I learned a great deal, and I’ll be reporting on that later.
Here’s just one thing I picked up on Wednesday. And that’s the really cool story behind the Vogel ’50 Works for 50 States’ exhibit that’s at KU.
I remembered it being briefly announced in the Journal-World, but didn’t know too much about it.
Herb and Dorothy Vogel, as the article said, lived in New York City and had a large collection of art. They lived modestly, however. He was a postal worker and she worked as a librarian in Brooklyn. They lived in a one-bedroom apartment (with cats) using Dorothy’s salary and used Herb’s salary to buy art.
They spent years collecting only art done since their marriage in 1962 and met several artists themselves before eventually getting connected with the National Gallery of Art in Washington and deciding to send all 50 states 50 works each from their collection.
Much of the collection is quite minimalist — take a peek at the works in KU’s collection.
It’s neat stuff.
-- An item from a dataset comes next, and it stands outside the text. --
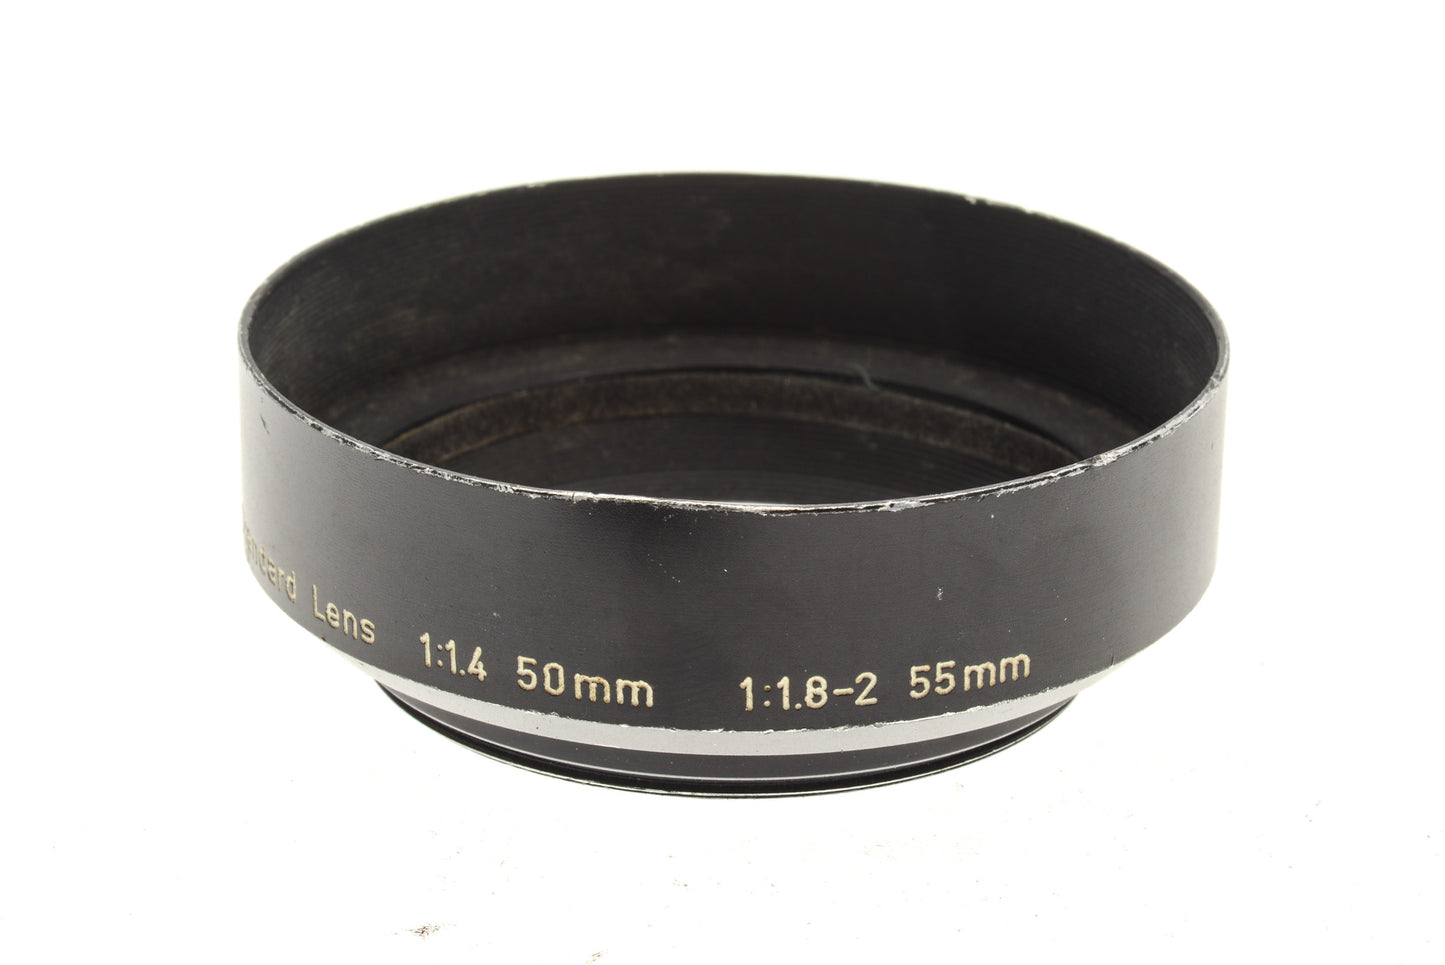 Pentax 49mm Lens Hood For 50mm f1.4 & 55mm f1.8-2 - Accessory

The exhibit will be open at the Spencer until July 24.
• Martha Hodgesmith, associate director of KU’s research and training center on independent living, and Karen H. Hester, KU School of Law director of career services and director of diversity and inclusion, have been named to a Kansas blue ribbon panel tasked to find ways to improve the way the court system operates in Kansas.
They’ll be two of 24 people that come from across the state who are looking for ways to ensure that the courts are being good stewards of taxpayer dollars.
• A Heard on the Hill commenter yesterday posted a good link that covers all of the departments that fall under the guidelines of the vice provost for student success, so I figured I’d reproduce it here.
Some of these were added in 2003 as former Chancellor Robert Hemenway oversaw a reorganization of what was then called the department of student affairs.
The slight changes in the position’s nature make it somewhat difficult to track. But Roney replaced Mary Lee Hummert, who served as the interim vice provost for student support for nearly a year. Hummert today works as KU’s vice provost for faculty support.
And Hummert stepped in to replace David Ambler, a truly splendid fellow who had served as the vice chancellor for student affairs for the previous 25 years.
I’ve told a few people this before, but I’ve always loved the name “student success.” Failure? That’s down the hall. Success? We can help you right here.